There are already five biographies on Patil, three in Kannada and two in English, but this is the judge’s inspirational life story in his own words, as the poet laureate of Karnataka, the great Kuvempu, had said: “I shall unroll before you, O preceptor, my inner spirit, hiding nothing.”
At 84, Justice Patil has many glorious chapters in the book of life to leaf through and tell the world about. He was appointed as a justice of the Supreme Court of India in 2000 and since his retirement in 2005, has served as the acting chairperson of the Human Rights Commission of India, and as Lokayukta of the Karnataka government.

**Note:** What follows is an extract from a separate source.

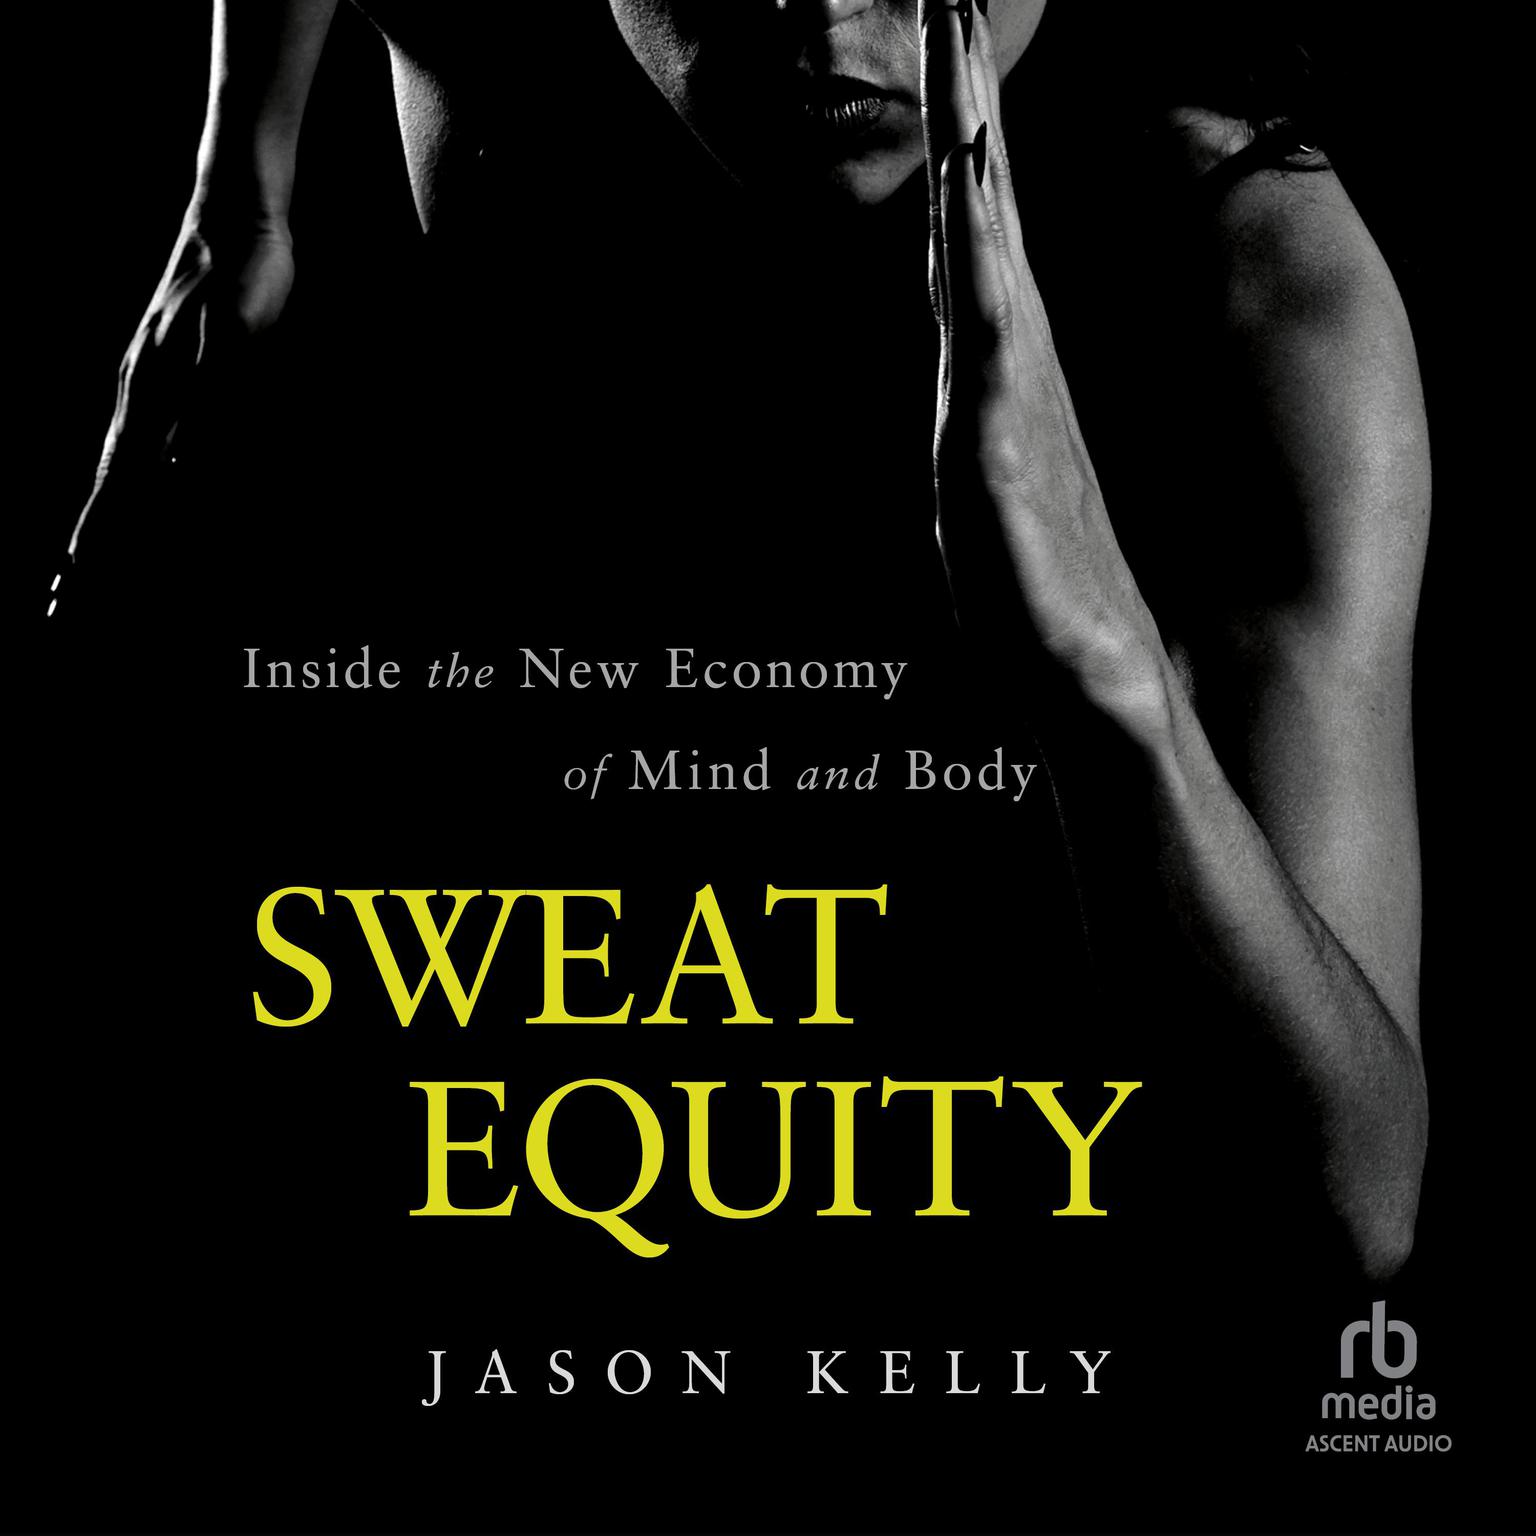 Sweat Equity: Inside the New Economy of Mind and Body Audiobook, by Jason Kelly

The many cases he fought as a lawyer and judgements he delivered as a judge of the Karnataka High Court and the Chief Justice of the Rajasthan High Court would make for essential reading not just for those in the legal profession but the regular reader with an interest in the country’s legal system. But what makes the biography stand apart is the story of plain, old hard work trumping life’s adversities and clear conscience and a solid set of morals as the guiding principles.
Justice Patil was not born to privilege, in fact, far from it, in a farmer family in a dusty village in Karnataka, studying by the light of a lantern in the village. “Poverty is not an abstract concept for me; I have experienced its hardships during my formative years.
I hail from a humble village in one of the most backward regions of India. I am the son of a farmer whose life was subject to the vagaries of nature. Drought was an ever present threat in the arid land of my birth,” writes Justice Patil. He had to once travel 32 kms through the night in a bullock cart to attend school on a Monday morning.
When he was in the 7th or 8th grade, he had just one shirt which he would was every day after school so that he could wear it in the next morning to school again.
The hardships did not leave him even during his college days when he struggled to pay for college and hostel and went hungry for many days. Yet he persevered and excelled in every examination to become a lecturer and the honorary principal of the same college he had attended as a student.
For most, that would have been the end of a remarkable career, but not for Justice Patil who went on to become a lawyer “without a shiny degree from Oxford or other foreign universities”. “All I possessed was an unwavering determination to succeed,” Justice Patil writes in his autobiography. It is this determination that would see him through in his illustrious career.
The other quality that would guide him through life is one he inherited from his mother, who died when he was only two. It is the quality of kindness and inclusivity, irrespective of caste, creed or social standing, that motivated Justice Patil to uphold humanitarian values in high offices.
“While I feel a deep ache when I heard stories about my mother, her principles inspired me to adopt them in my own life. Mother was unschooled but revered; she was a saintly woman like Hemareddy Mallamma, a guide and philosopher of the Veerashaiva Reddy community in Karnataka, who lived in the 14th century,” writes Justice Patil.